» **EXERCISE**: Copy each line of the listing where the word "Foto" can be found.

» **EXERCISE INPUTS**:
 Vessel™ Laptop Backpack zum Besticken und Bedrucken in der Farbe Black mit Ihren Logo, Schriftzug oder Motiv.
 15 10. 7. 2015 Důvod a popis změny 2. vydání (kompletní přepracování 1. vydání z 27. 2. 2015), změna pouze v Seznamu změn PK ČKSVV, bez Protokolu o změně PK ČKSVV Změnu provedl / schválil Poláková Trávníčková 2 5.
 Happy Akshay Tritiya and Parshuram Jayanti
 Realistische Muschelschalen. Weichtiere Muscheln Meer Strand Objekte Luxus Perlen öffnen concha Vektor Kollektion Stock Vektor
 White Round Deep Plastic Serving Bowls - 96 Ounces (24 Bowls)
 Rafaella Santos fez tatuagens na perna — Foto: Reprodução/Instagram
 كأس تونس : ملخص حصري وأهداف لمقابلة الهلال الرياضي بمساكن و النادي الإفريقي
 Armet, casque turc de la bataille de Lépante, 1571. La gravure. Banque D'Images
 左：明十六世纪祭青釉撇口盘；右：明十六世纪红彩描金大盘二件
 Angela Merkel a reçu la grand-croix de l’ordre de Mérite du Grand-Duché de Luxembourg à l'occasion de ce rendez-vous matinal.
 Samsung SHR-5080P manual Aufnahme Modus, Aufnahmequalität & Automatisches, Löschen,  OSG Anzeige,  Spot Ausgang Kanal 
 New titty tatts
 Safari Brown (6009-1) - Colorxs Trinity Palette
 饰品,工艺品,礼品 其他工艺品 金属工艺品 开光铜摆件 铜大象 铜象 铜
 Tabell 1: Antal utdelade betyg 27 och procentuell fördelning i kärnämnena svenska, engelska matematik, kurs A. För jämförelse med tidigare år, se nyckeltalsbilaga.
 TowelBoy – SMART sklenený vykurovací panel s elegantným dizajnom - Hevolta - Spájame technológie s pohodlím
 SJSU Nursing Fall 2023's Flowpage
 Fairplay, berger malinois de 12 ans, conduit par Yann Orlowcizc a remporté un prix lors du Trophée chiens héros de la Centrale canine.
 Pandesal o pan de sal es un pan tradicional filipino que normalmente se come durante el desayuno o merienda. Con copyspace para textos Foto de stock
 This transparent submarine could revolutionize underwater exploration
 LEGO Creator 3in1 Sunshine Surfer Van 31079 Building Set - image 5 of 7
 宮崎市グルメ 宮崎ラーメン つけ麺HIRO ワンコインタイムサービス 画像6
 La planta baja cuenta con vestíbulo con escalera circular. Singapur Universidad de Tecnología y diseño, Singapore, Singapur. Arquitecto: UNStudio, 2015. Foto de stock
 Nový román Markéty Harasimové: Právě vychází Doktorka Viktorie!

» **YOUR SOLUTION**:
 Rafaella Santos fez tatuagens na perna — Foto: Reprodução/Instagram
 Pandesal o pan de sal es un pan tradicional filipino que normalmente se come durante el desayuno o merienda. Con copyspace para textos Foto de stock
 La planta baja cuenta con vestíbulo con escalera circular. Singapur Universidad de Tecnología y diseño, Singapore, Singapur. Arquitecto: UNStudio, 2015. Foto de stock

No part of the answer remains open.